John Cameron argues that ‘in the context of low levels of public engagement in the global North with issues of global injustice, the strategic use of humour is a risk worth taking’.73 However, I argue that the current use of humour in humanitarian communication deflects attention towards celebrating a temporary subversion. Humanitarian NGOs’ adoption of humour in the context of their public engagement work can be understood in relation to Mikhail Bakhtin’s discussion of the carnival as folk-humour. For the carnival only suspends dominant hierarchies, it is a ‘celebrated temporary liberation from the prevailing truth and from the established order’.74 The carnival, like the humour used in NGO campaigns, does not permeate all spaces.
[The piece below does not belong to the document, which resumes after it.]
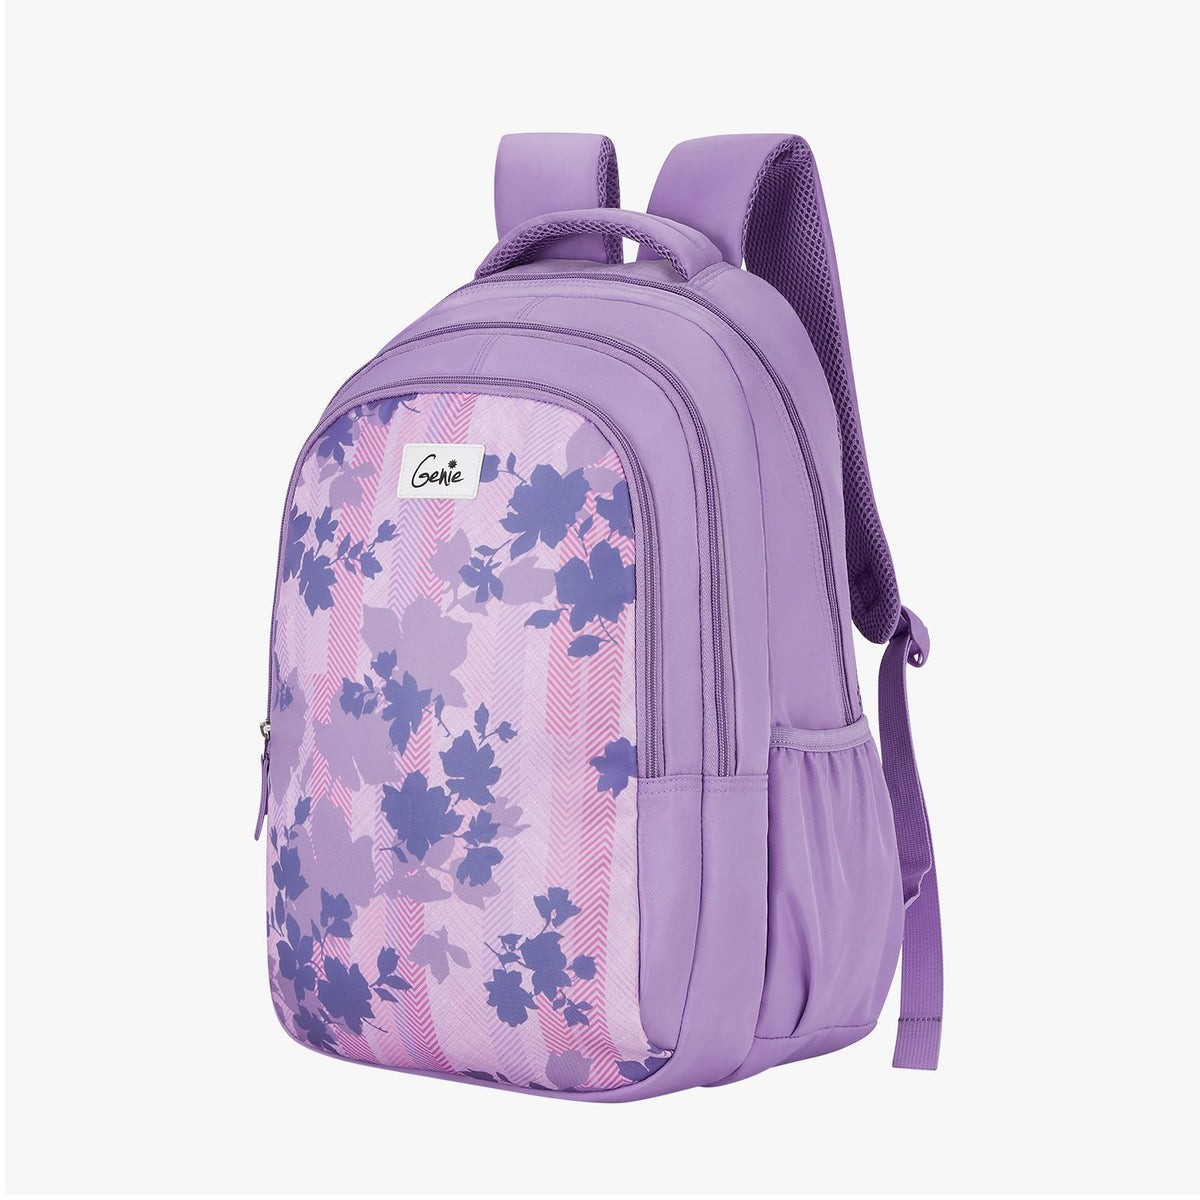 Kawaii White Waterproof Backpacks For School For College Students Cute And Stylish  School Bag For Women And Teens 24716190 From Mvdm, $26.6 | DHgate.Com

It achieves visibility only when ‘permitted by the culture which is operating these hierarchies as norms, [which] leads us to see carnival’s long term effect as constraining rather than liberating’.75 Humanitarian NGOs satirise their communication practices on their own terms. While they offer a degree of self-deprecating humour, by parodying their communication traits of starving children, celebrities and dramatic music, this rarely results in a change in how they communicate poverty more widely.
While digital interactions can be archived, the rapid change in users’ Facebook News Feeds contributes to NGO communication occupying only a temporal position of visibility. The architecture of Facebook, in particular the algorithmic selection of the News Feed content, is both the ‘gatekeeper’ and ‘governor’ of visibility. The implicit ideology of Facebook to be a network of positive sentiments has produced a new code of conduct for NGOs. To achieve visibility, humanitarian communications need to be ‘likeable’, which has resulted in NGOs changing their visual communications. However, while the communication becomes visible to a wider audience, people living in poverty still remain invisible within humorous communications that rely on the same framework of stereotypes.
Time-based actions are promoted by NGOs as a ‘moment’ to act, which is both quick and immediate. The commercial ideology of the Facebook platform promotes transactional and numerical modes of citizenship, in which public engagement is quantitatively measured by NGOs, similar to fundraising campaigns.76 In doing so, action is orientated towards ‘endorsements’ of NGO-produced communication, not communicative exchanges between publics or people living in poverty. Everyday practices on Facebook contribute to users ‘presencing’ themselves as actors within NGO campaigns. My interviewees identified Facebook as a space of mobilisation. The visibility of their actions, such as ‘liking’ and ‘sharing’ NGO communication, contributes to establishing support for a campaign. Users’ self-expression of compassion on issues of global poverty has also taken a turn towards the ‘positive’ with participation being conveyed as ‘joyful’.